At last, we were off the dock with our friend Dave Glessing, great company, a very experienced sailor and an overall ace at judging and fixing things, as I will report shortly, in this post.  After a fueling stop, we were in the Bay, heading north to the Canal.  The wind was strong behind us and we motorsailed with the 145% genoa powering us up the Bay.  We ran about 8.5+ knots almost the entire distance, surfing 3-5 foot swells, which is somewhat unusual for the Bay in my experience.   It was an exhilarating start. 

We had to decide whether to lay over in the north end of the Bay or push on to Cape May.  Past the Sassafrass River, there is nowhere for us to stop before Cape May, which lies about 12 hours farther on.  Having been delayed several hours by the alternator repair, we had to decide which to do -- we chose to keep going.  A good choice!  We saw a beautiful sunset, had a nice meal in the cockpit and good conversation.  Jae retired first, while Dave and I stood watch and puzzled through all the nighttime lights entering the canal.  It is quite a confusing array and I was glad for my recent captain’s training.  We saw a pilot boat, a couple of dredges, at least two hip and push tows and more.  I texted my instructor to thank him for the course.  Dave loves to chat on the VHF so he was a hale fellow well met throughout the night, chatting it up with everyone who would talk to him.  I enjoyed listening.  In the canal, the current, which we did time well, pushed us to almost 10 knots in very peaceful water.  But, coming out, into the river, the water turned rougher because we were now against the tide and the wind.  And more lights to decipher.

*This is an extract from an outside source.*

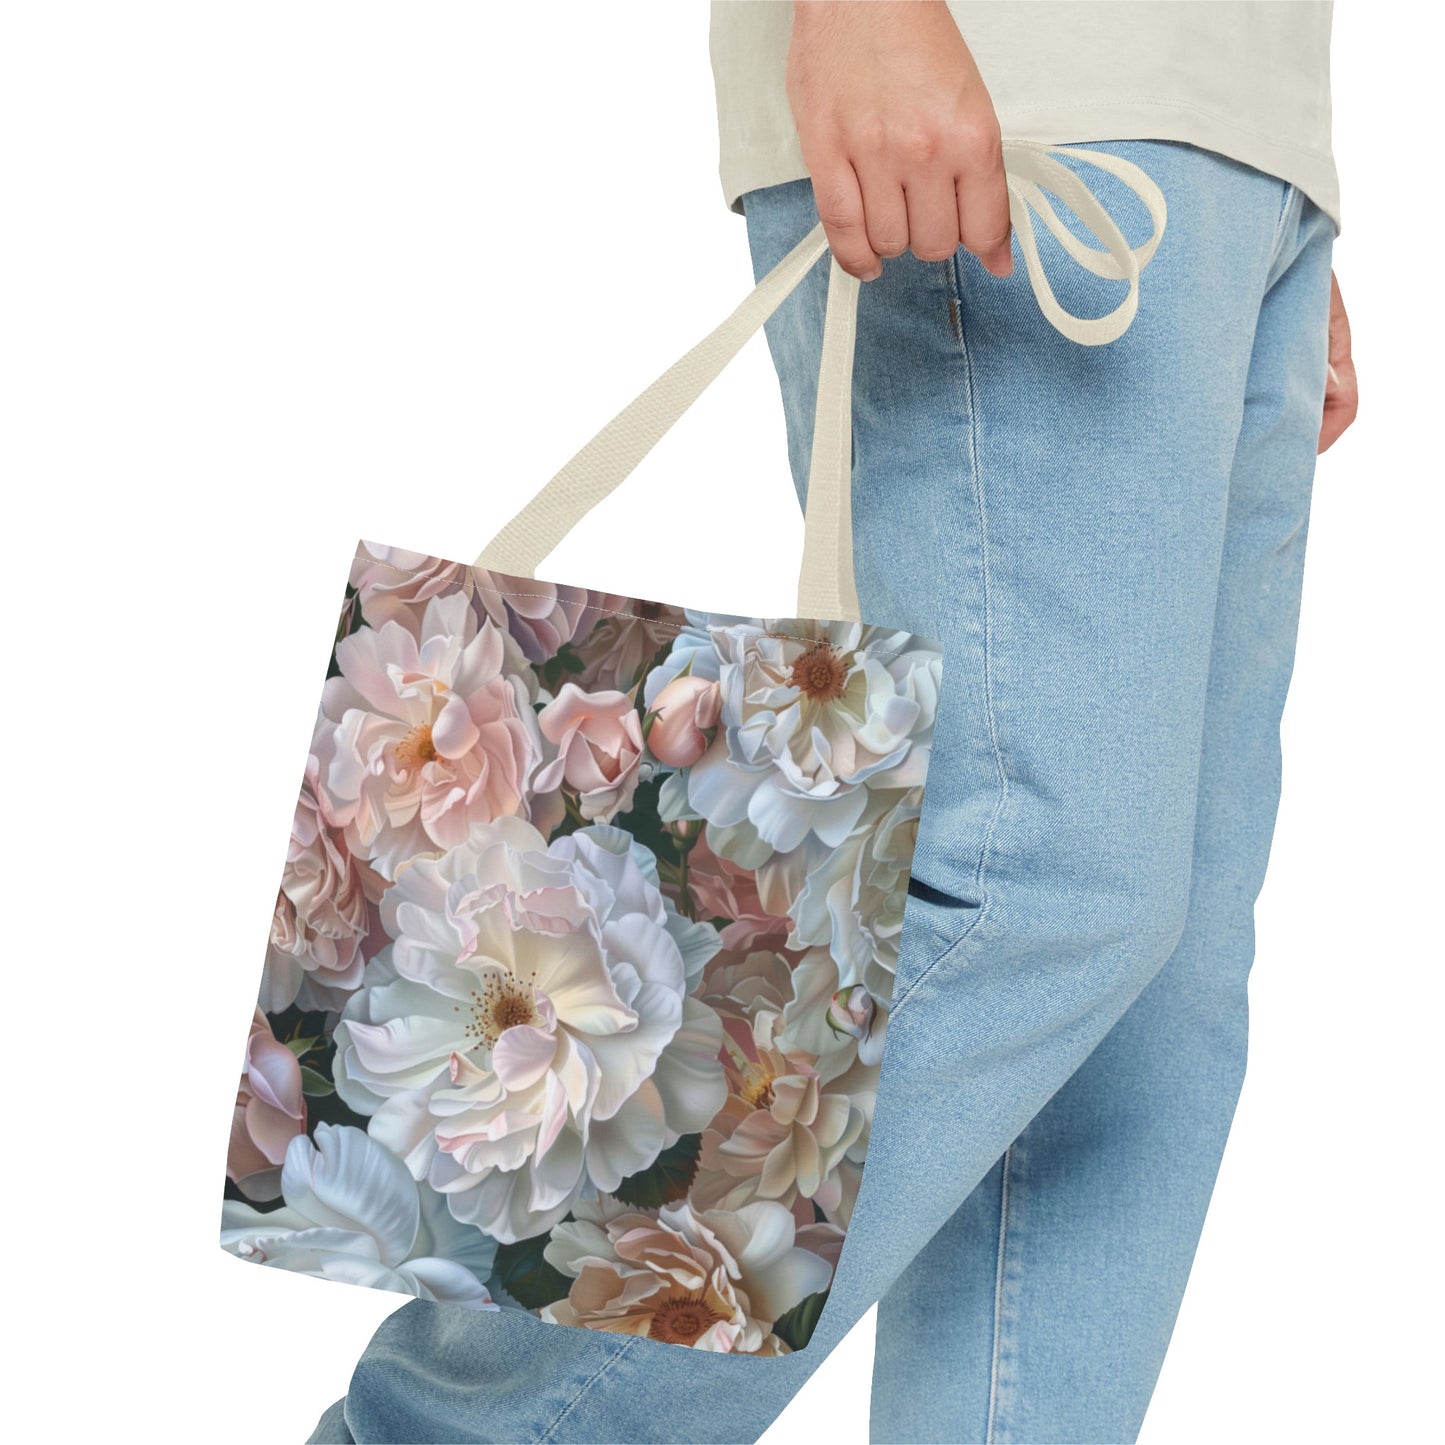 Roses Tote Bag

The Delaware River and Bay are among the more ugly, unredeemed bodies of water that I know.  You just soldier through them.  We did not see too much traffic on the River, but the water bounced us around and it was hard to sleep.  None of us slept much.  Early morning, we reached the ocean and turned north to the Cape May inlet.  We arrived around 9:30 am or so and once on anchor, Dave cooked a great English breakfast with tomatoes, fried egg, rashers and bangers. 

During our trip down, he had an accident opening the refrigerator door (really?) and needed some medical attention, so he and Jae got in the dinghy and went in search of a Doc in the box.  I stayed behind and did just about nothing.  After they came back, we cleaned up and found a happy hour ashore to help us sleep well.

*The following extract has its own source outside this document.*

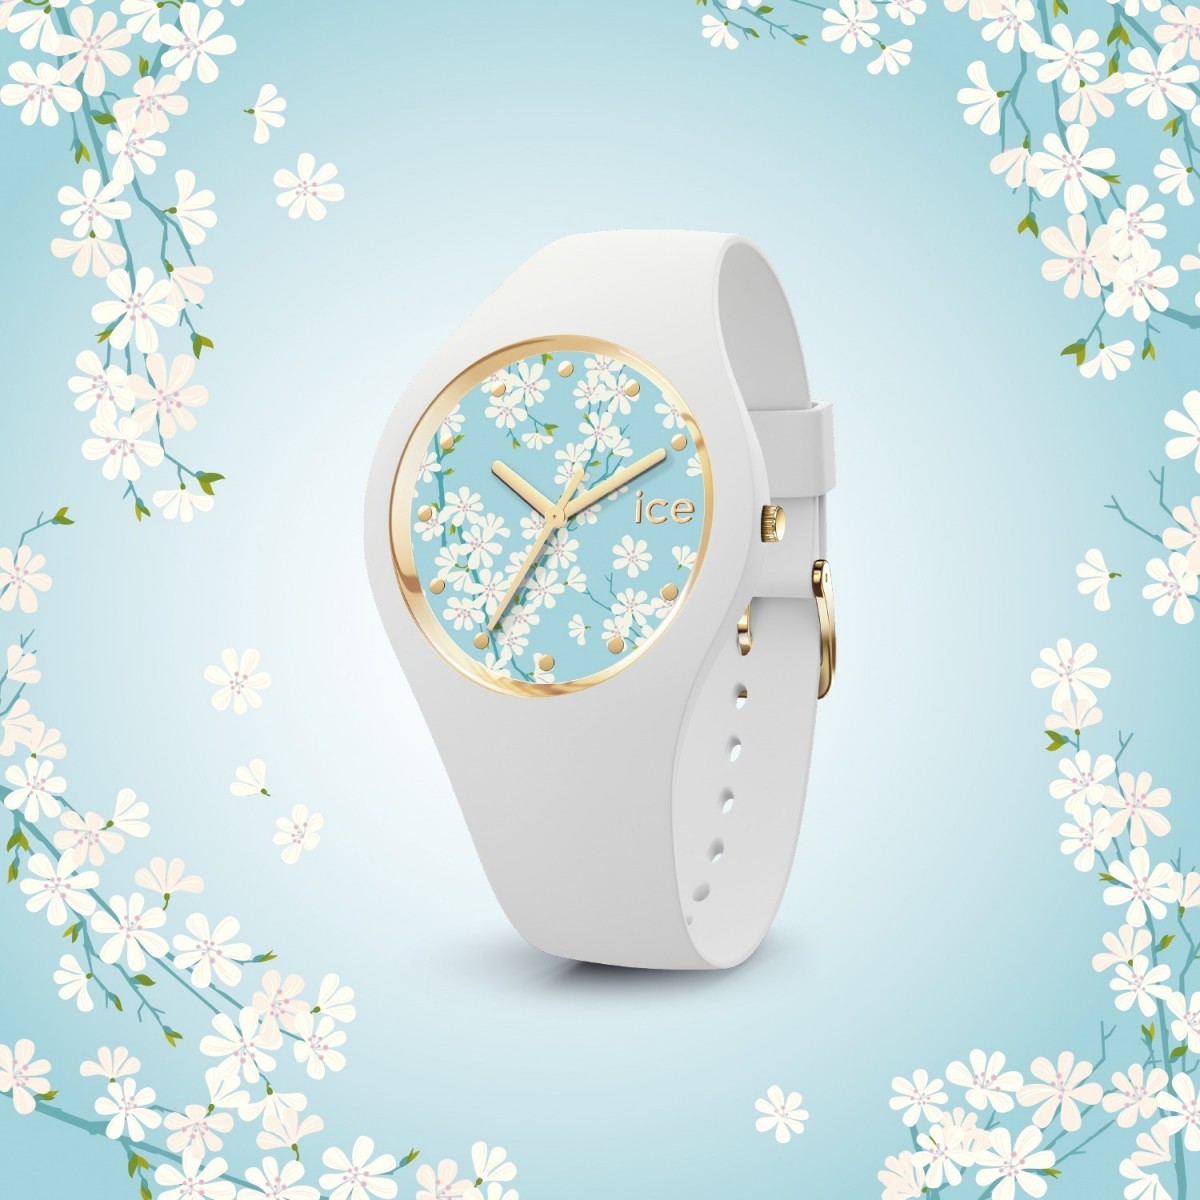 アイスウォッチ“花々が咲く”新作腕時計、デイジーやサクラをモチーフに

The next day, we had intended to spend some time ashore, exploring Cape May, but boat chores consumed us, plus we made a date to meet our neighbors Jane and Pat Bannon with their daughters for cocktail hour aboard Sirius.  While I ferried Jane and the girls to the boat, Dave jumped in the car with Pat for a quick trip to West Marine for some needed boat parts.  (It does not end!).  The three of us had a quick beer before joining the ladies aboard for a very merry cocktail hour with 2 dozen oysters that I shucked.  The next day, they drove us around Cape May, a town they have been visiting for holidays (summer and Christmas) for many years.  It was a lot of fun, even though we did ask to be taken to a hardware and to fill a propane tank.  After all, they had a car and we didn’t.

I will stop here.  We did depart Cape May that afternoon and confronted gremlins on the boat over the next 24 hours or so.  We have survived them, but not without Dave’s terrific help, good cheer, and overall English humor.  We look forward to having his wife Donna join us tomorrow.  More to follow.